Polanco has some 'exclusive' areas but that to me seems mostly commercial and on the main commercial drags. But in my humble opinion there are neighborhoods within Polanco which you couldn't tell from the nicer areas of Condessa or Roma. Of course - there are areas of Polanco which even a wealthy Mexican might not find affordable. 

A few years back Condessa was getting a reputation as being maybe not so safe. Probably not so much different from the rest of Mexico - but you can ask Mr Google...


----------



## citlali (Mar 4, 2013)

Condessa is the equivalent of the area around the Champs Elysees in Paris and Condessa is more like St Germain des Pres . The people who pick one area over the other are very different. Condessa is not were the rich live but were young and not so young professional live.


----------



## citlali (Mar 4, 2013)

Soory I meant to say I have an artist friend not French.. He is actually Mexican..


----------



## Isla Verde (Oct 19, 2011)

citlali said:


> Condessa is the equivalent of the area around the Champs Elysees in Paris and Condessa is more like St Germain des Pres . The people who pick one area over the other are very different. Condessa is not were the rich live but were young and not so young professional live.

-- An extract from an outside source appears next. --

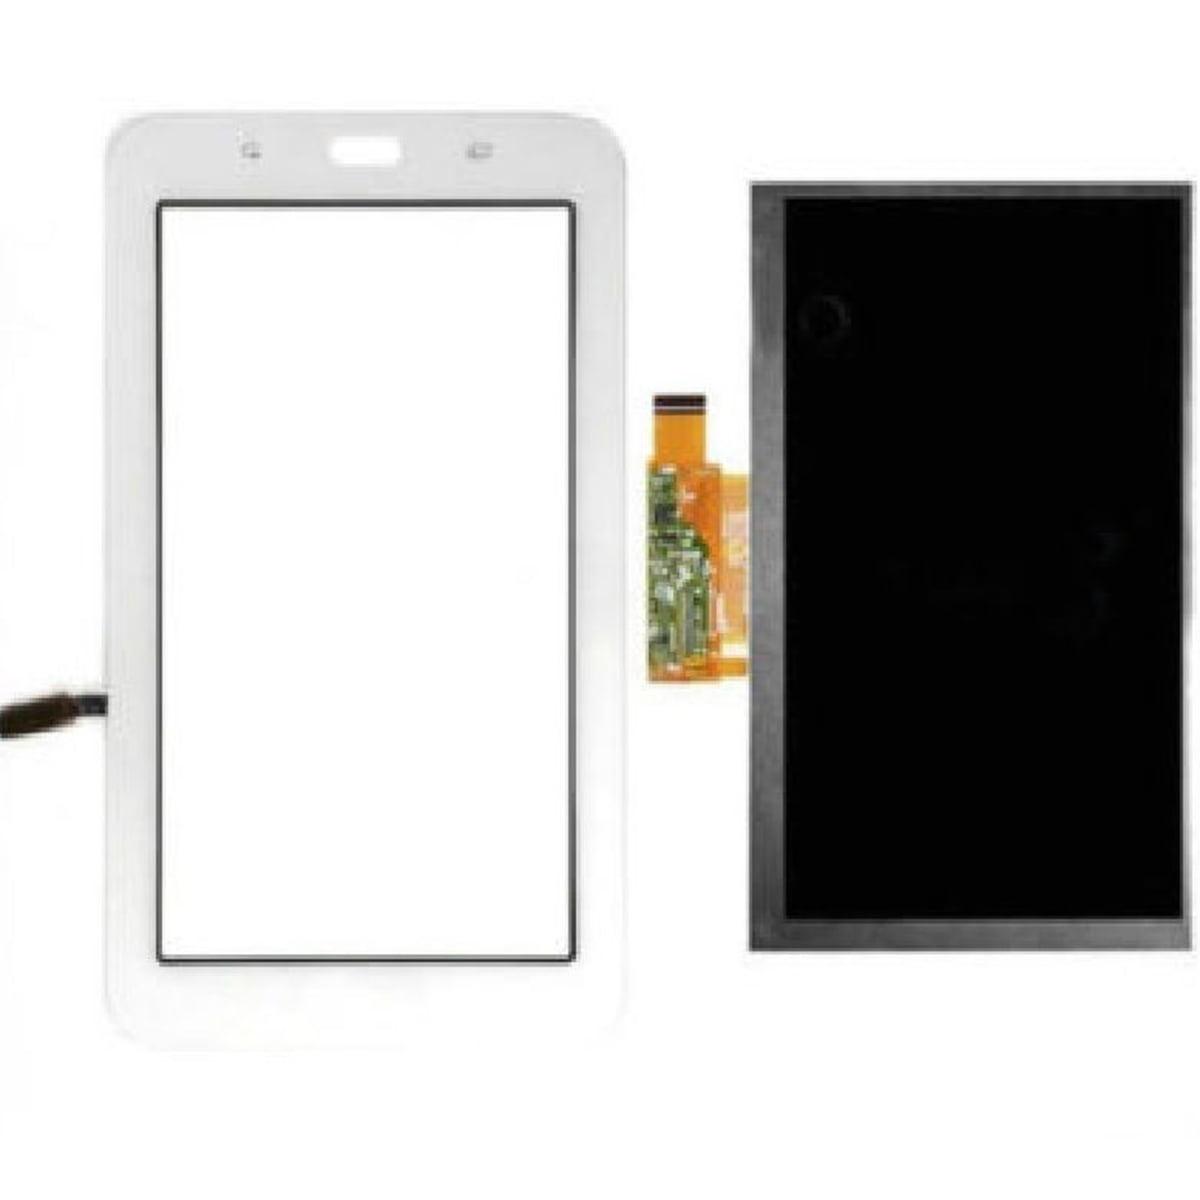 Samsung Galaxy Tab 3 Lite SM-T110 7.0 Touch Screen Digitizer White
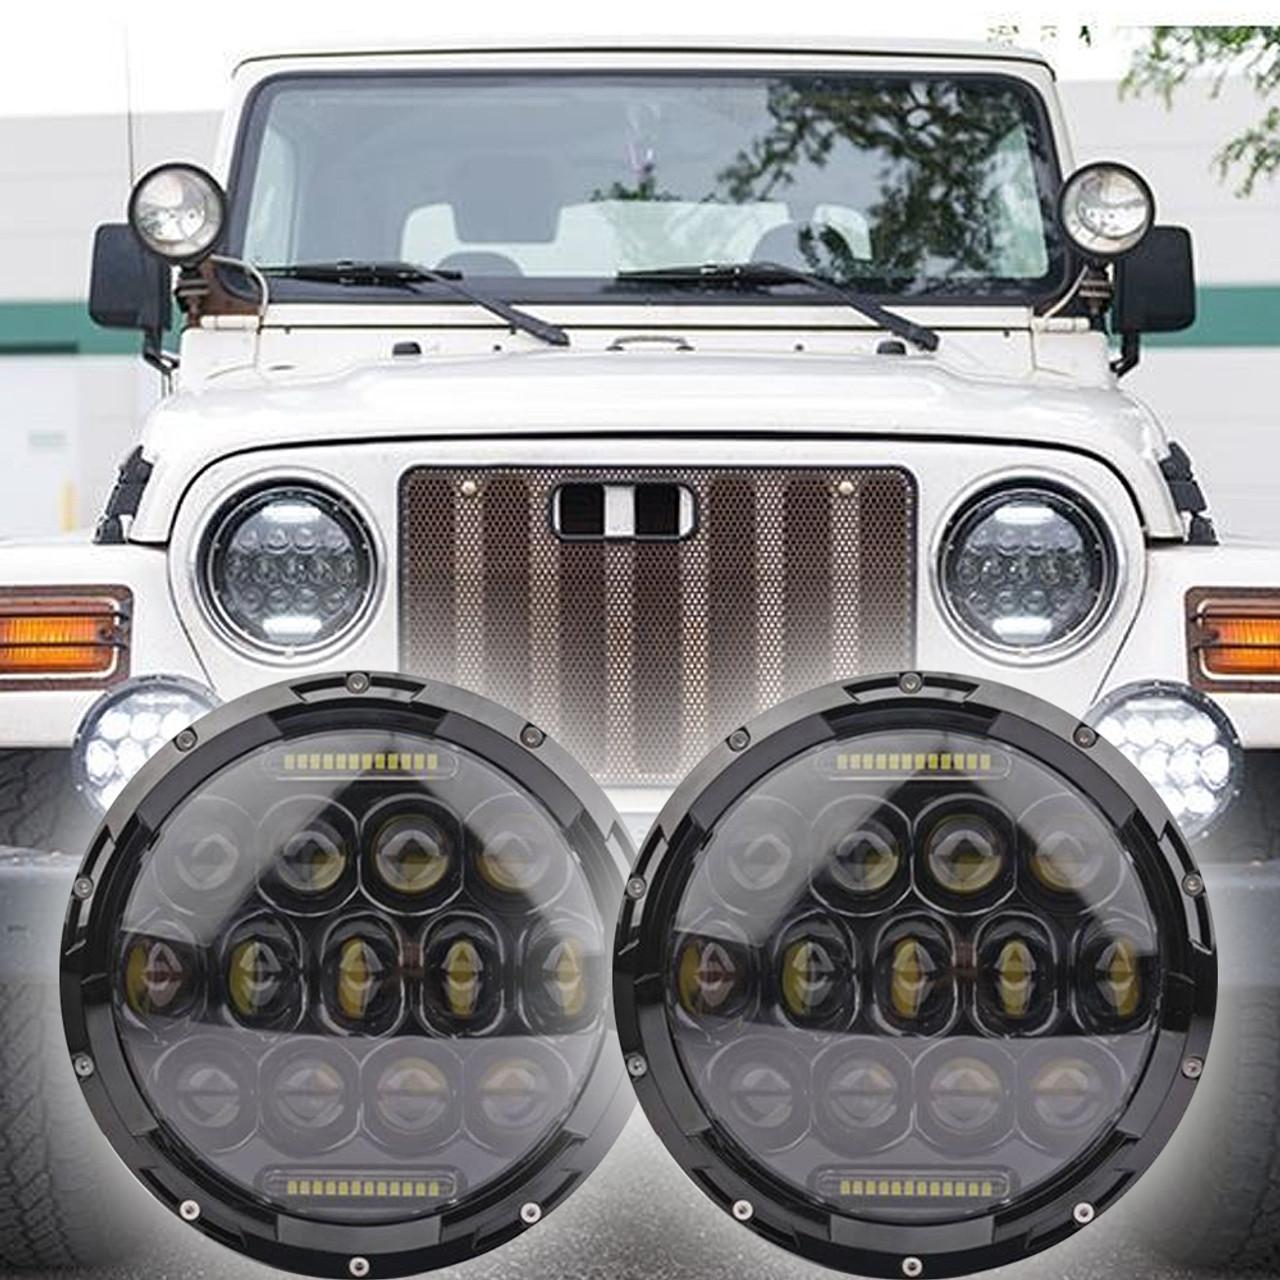 medium resolution of 1996 2006 jeep wrangler tj led headlight kit oracle 75w black projector style

Do you mean that Polanco is like the Champs Elysées in Paris rather than La Condesa?


----------



## citlali (Mar 4, 2013)

yes absolutely, I made a mistake. Condessa is more like ST Germain and Condesa like the area around the Champs ELysees with all the up scale brands which makes shopping pretty unteresting because it is the same all over the world.


----------



## PatrickMurtha (Feb 26, 2011)

You can live well if you’re rich, and you can live well if you’re poor. But if you’re poor, it’s a lot cheaper. 🙂


----------